Remote Service Proxy

Stepping back once more across the wire we come to the client-side invocation of a remote request. This is really just a generalised version of the SQL execution scenario but with one extra facility available to us:-

  • Instrument the request invocation time
  • Drop and reconnect to the service on a transport failure
  • Catch and retry when a timeout (or other recoverable transient error) occurs

One obvious question might be why you would instrument the service request from both the client proxy and service stub? Well, the difference tells you how much overhead there is in the transport layer. When talking using a low-level transport like a point-to-point socket there’s not much code in-between yours, but once you start using non-trivial middleware like DCOM, MSMQ and 3rd party grid computing products knowing where the bottleneck is becomes much harder. However if you can measure and monitor the request and response latencies automatically you’ll be in much better shape when the inevitable bottleneck appears.

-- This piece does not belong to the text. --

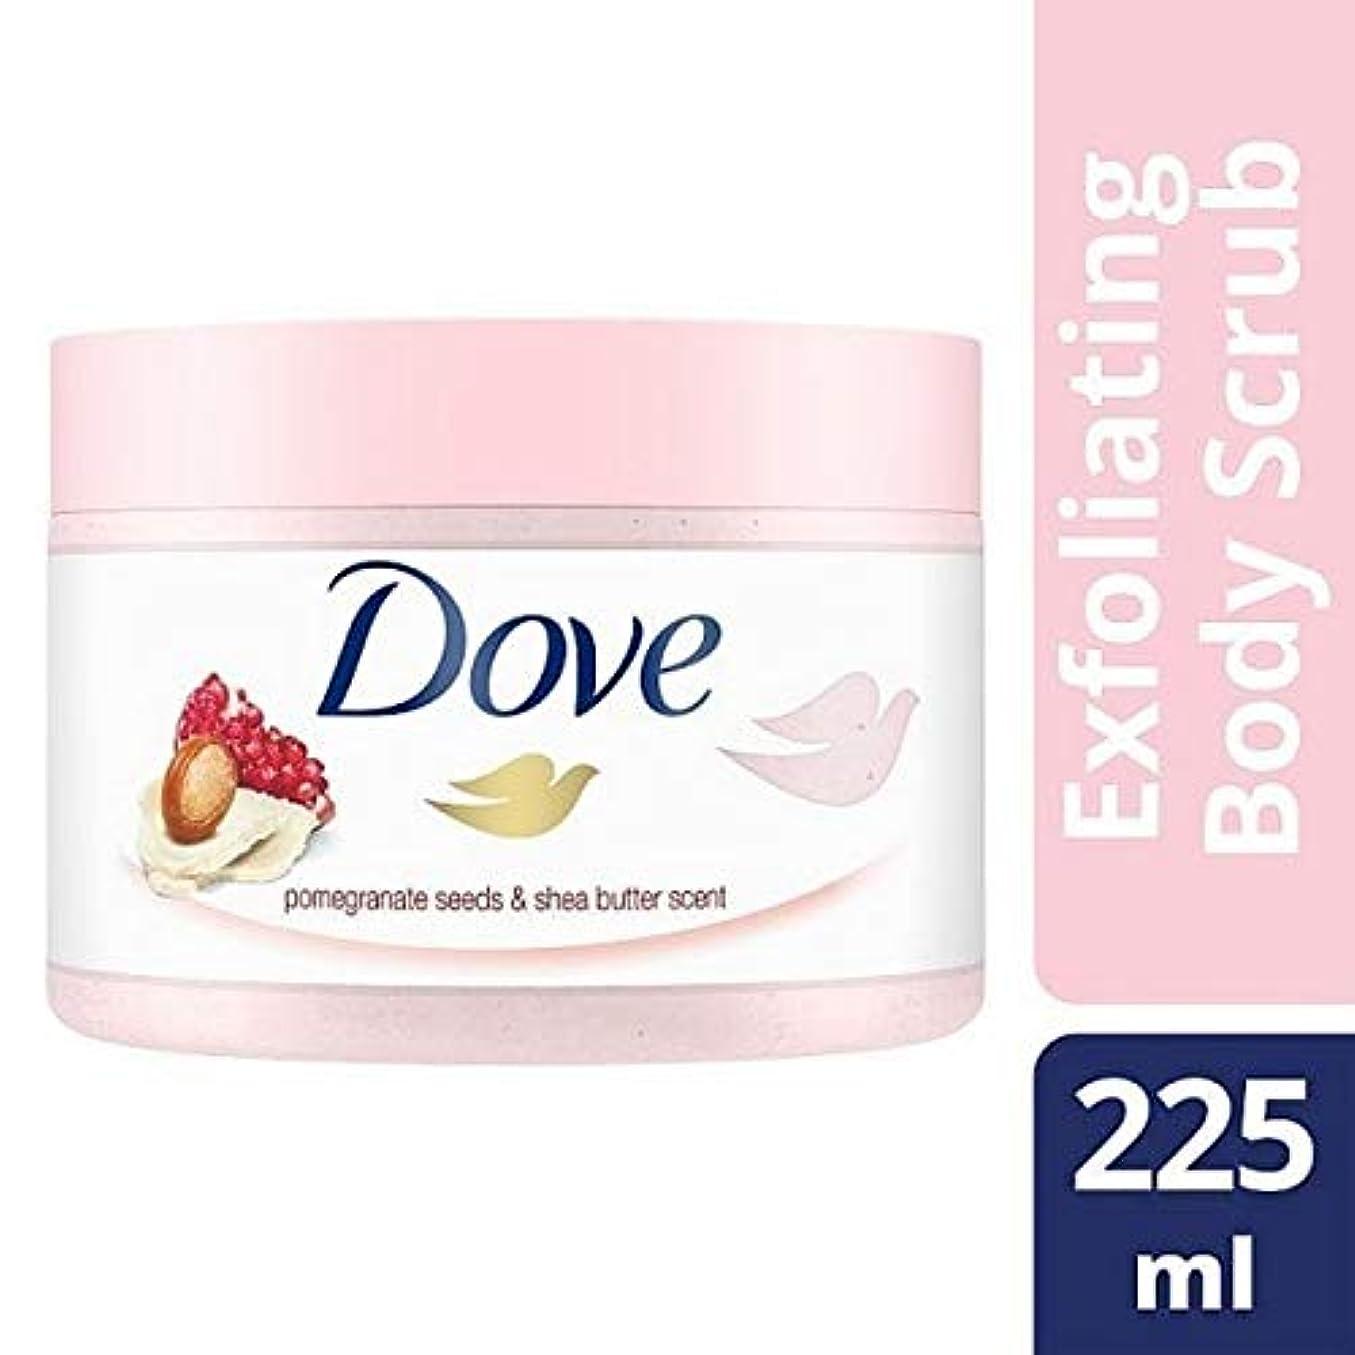 受け入れるヘルシーブラスト[Dove ] 225ミリリットルボディスクラブザクロ種子を剥離鳩 - Dove Exfoliating Body Scrub Pomegranate Seeds 225ml [並行輸入品]
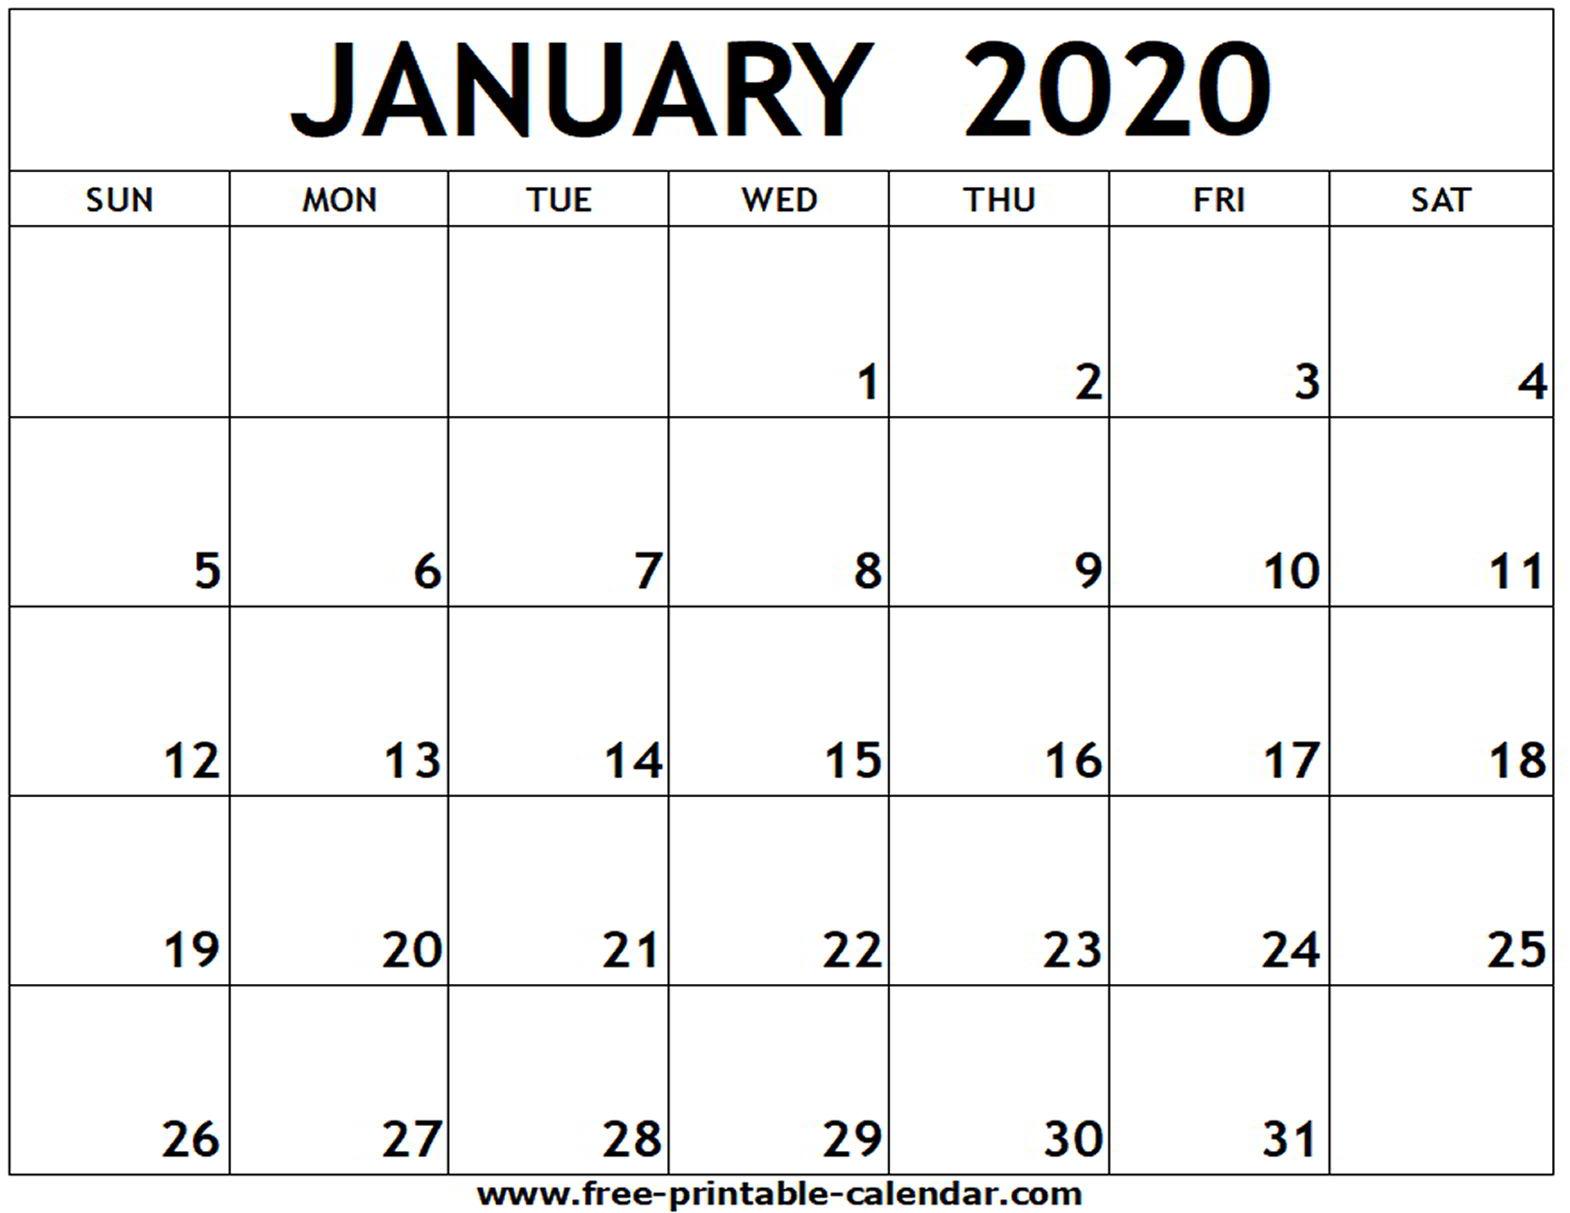 Free Printable Calendars Com

Aspect Orientated Programming?

Not that it really matters, but is Execute Around Method just an implementation vehicle for AOP? I’ve never really got my head around where AOP truly fits into the picture, it always seems like you need external tooling to make it work and I’m not a big fan of “hidden code” as it makes it harder to comprehend what’s really going on without using the debugger. The wrappers listed above tend to have all the aspects woven together rather than as separate concerns so perhaps that’s a code smell that true AOP helps highlight. I’m not going to lose sleep over it but I am aware it’s a technique I don’t understand yet.

 

[*] And I don’t mean Phil Nash’s blog :-)

[+] You would have thought this problem would have been solved by now, but most runtimes seem to insist on letting an unhandled exception be treated as a successful invocation by the calling application!

[$] In a grid computing system you can easily create a “black hole” that sucks up and toasts your entire workload if you’re not careful. This is created by an engine process that requests work and then fails it very quickly either because itself or one of its dependent services has failed thereby causing it to request more work much quicker than it’s siblings.